Titolo originale: Teorema
Paese di produzione: Italia
Anno: 1968
Durata: 98 min.
Genere: Drammatico
Regia:

Neorealista impeccabile, ineccepibile e imprescindibile, autentico fotografo della miseria coatta del dopoguerra, reporter-romanziere crudo e sfacciato, forgiatore di kolossal patrimonio inenarrabile della storia del cinema e iniziatore di quel genere decamerotico che tanto spopolò nei Settanta – con l’inevitabile inflazionamento del significato narrativo e dei costumi, Pasolini ha inserito nel suo vasto curriculum produttivo un binomio letterario-cinematografico straordinario e unico nel suo genere. L’oggetto, anzi gli oggetti in questione prendono il nome di Teorema, suddiviso con eccelsa dovizia nella variante romanzo e nella variante film. 
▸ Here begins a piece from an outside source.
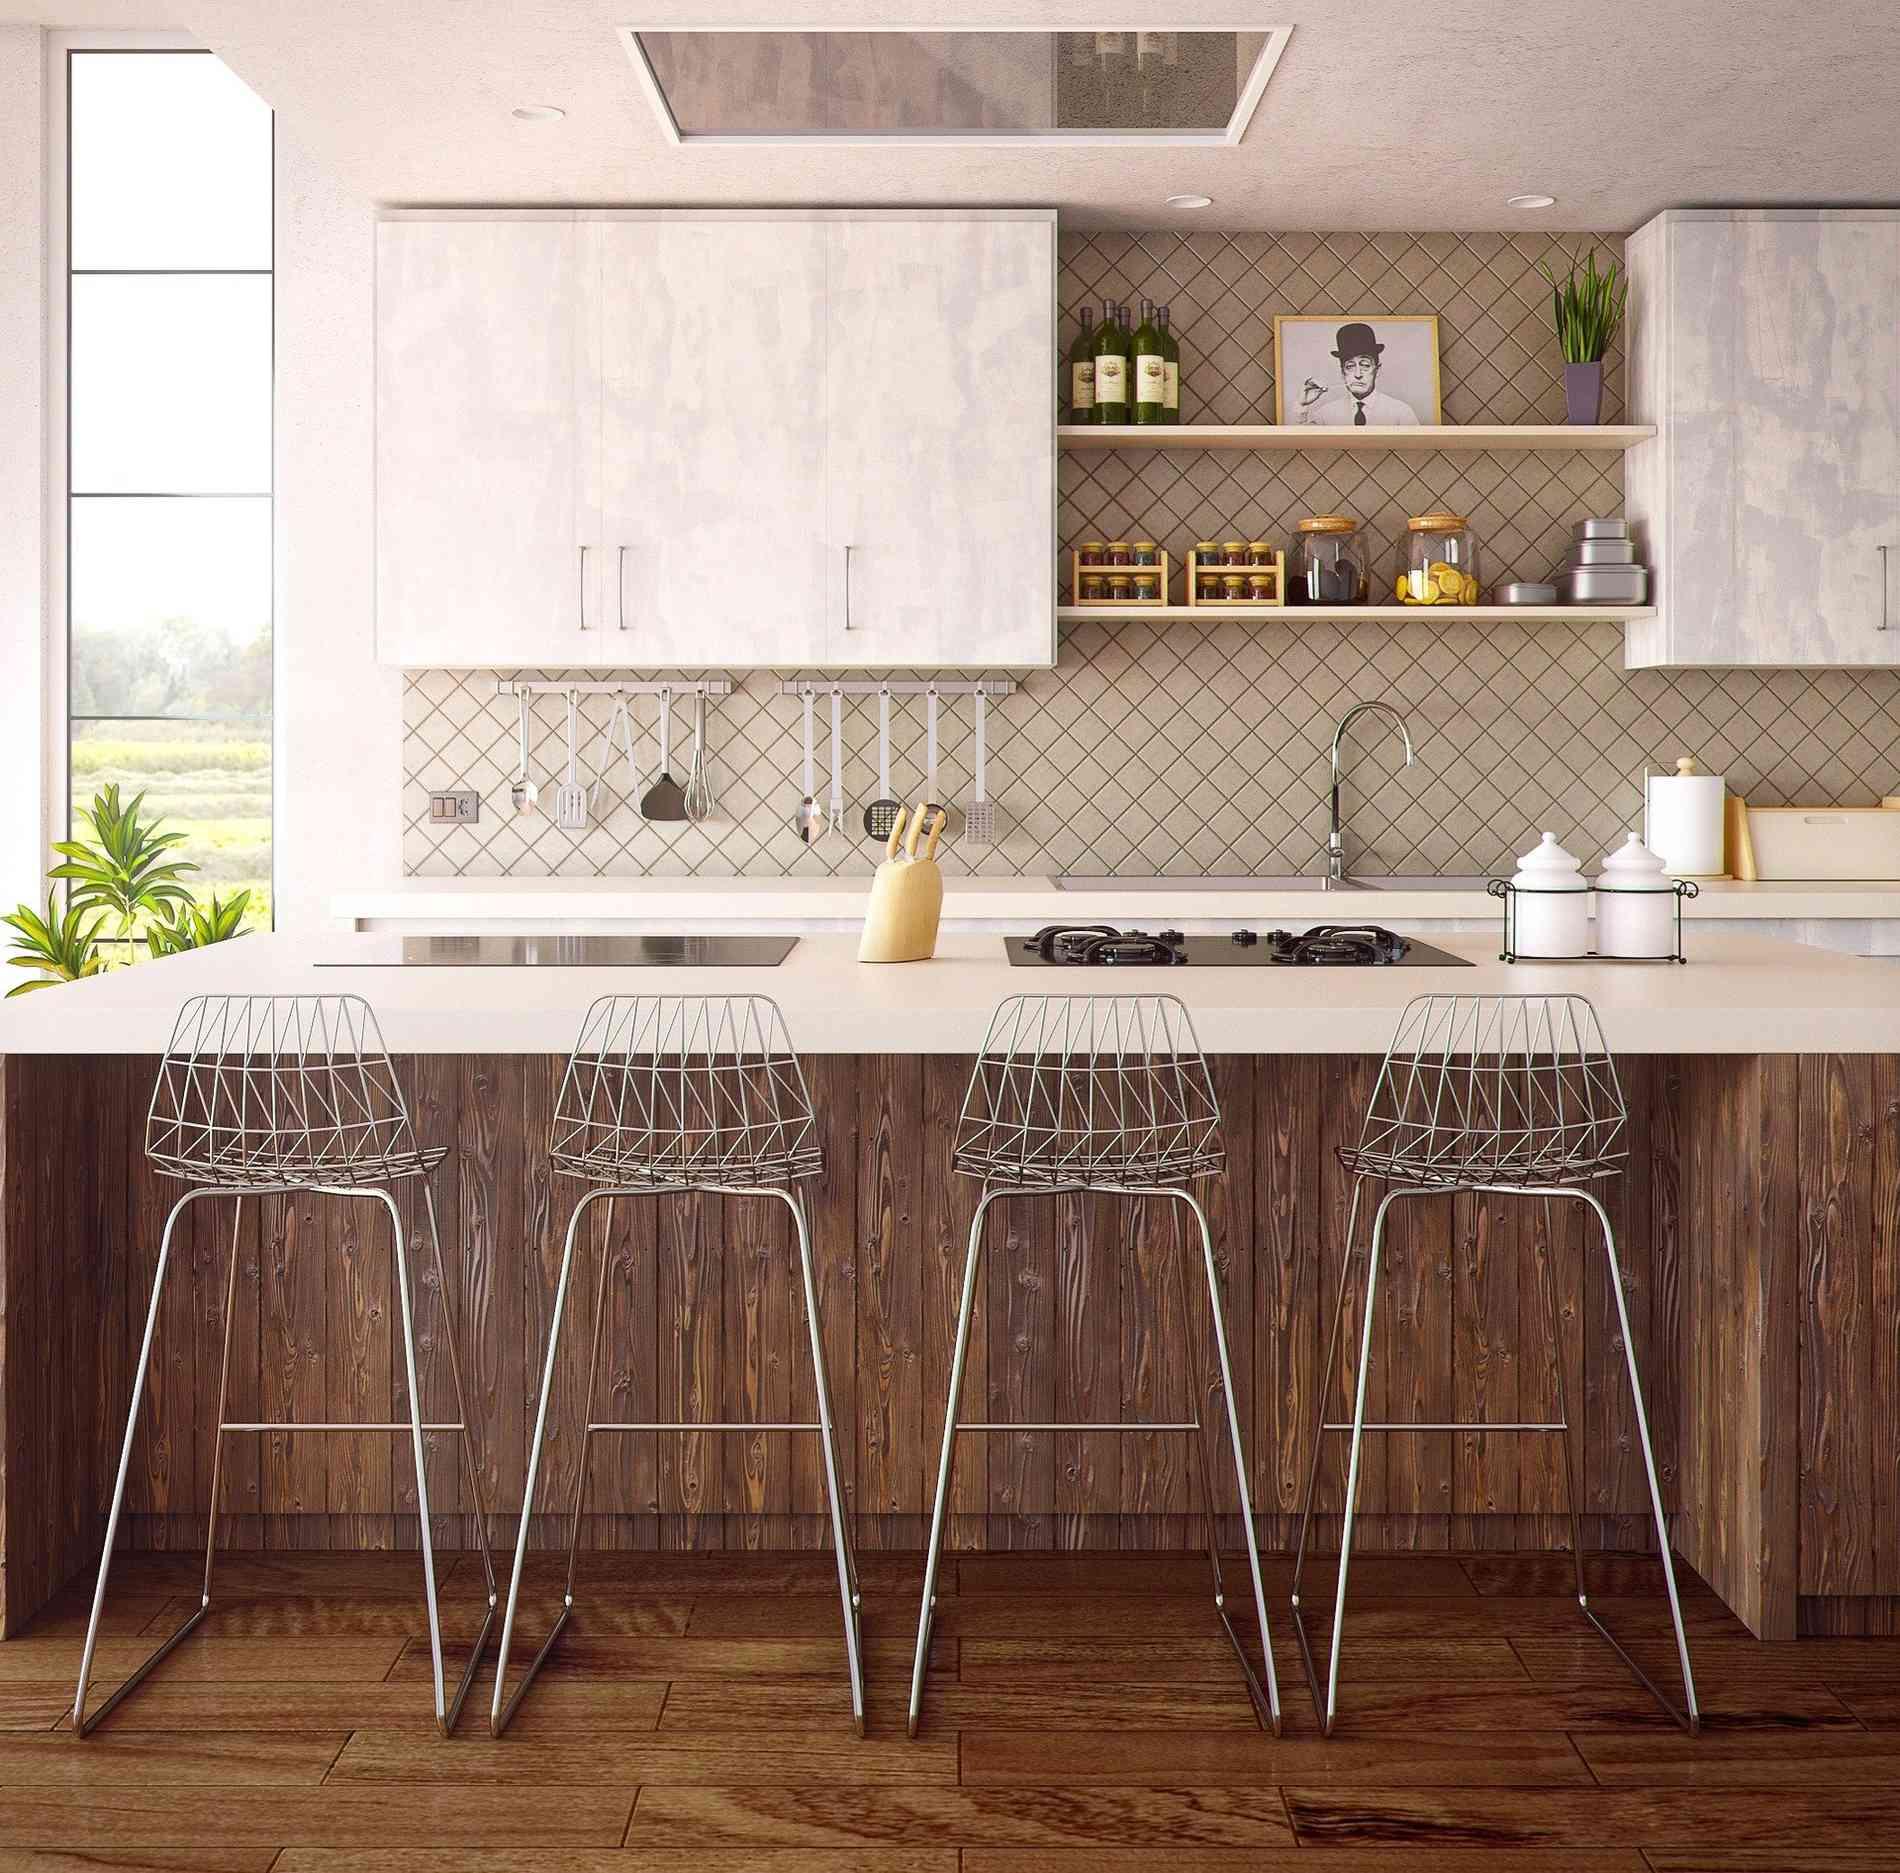 Modelo de cozinha integrada - Pixabay

Teorema è probabilmente il progetto più ambizioso della sua vita, addirittura più ardito della Trilogia della Vita decamerotica e del lugubre calar delle tenebre di Salò, più che altro per il ricchissimo significato psico-analitico di fondo che per la trama e per le eventuali (ed effettivamente sussistenti) particolarità controverse e/o scandalose e scabrose. Mai Pasolini si era addentrato (e si sarebbe spinto) nel complesso mondo dell’analisi socio-psicologica dal punto di vista della paranoia, dell’esistenzialismo e della spiritualità moltiplicati ai massimi termini e tale miscuglio di sacro, profano, psicologico, psichico, surreale e sociale non ha purtroppo trovato un correlato seguito nell’epopea artistico-produttiva dell’artista. Giusto per citare capolavori indiscutibili come il Decameron o Il Fiore delle Mille e Una Notte, Pasolini non riesce nel sue ultime pellicole a elevare in eguale analogia la mistura fra empirismo/concretezza/carnalità e spiritualità/morale/ascetismo/etica, lasciando che in tale commistione le due componenti cozzino volontariamente fra di loro.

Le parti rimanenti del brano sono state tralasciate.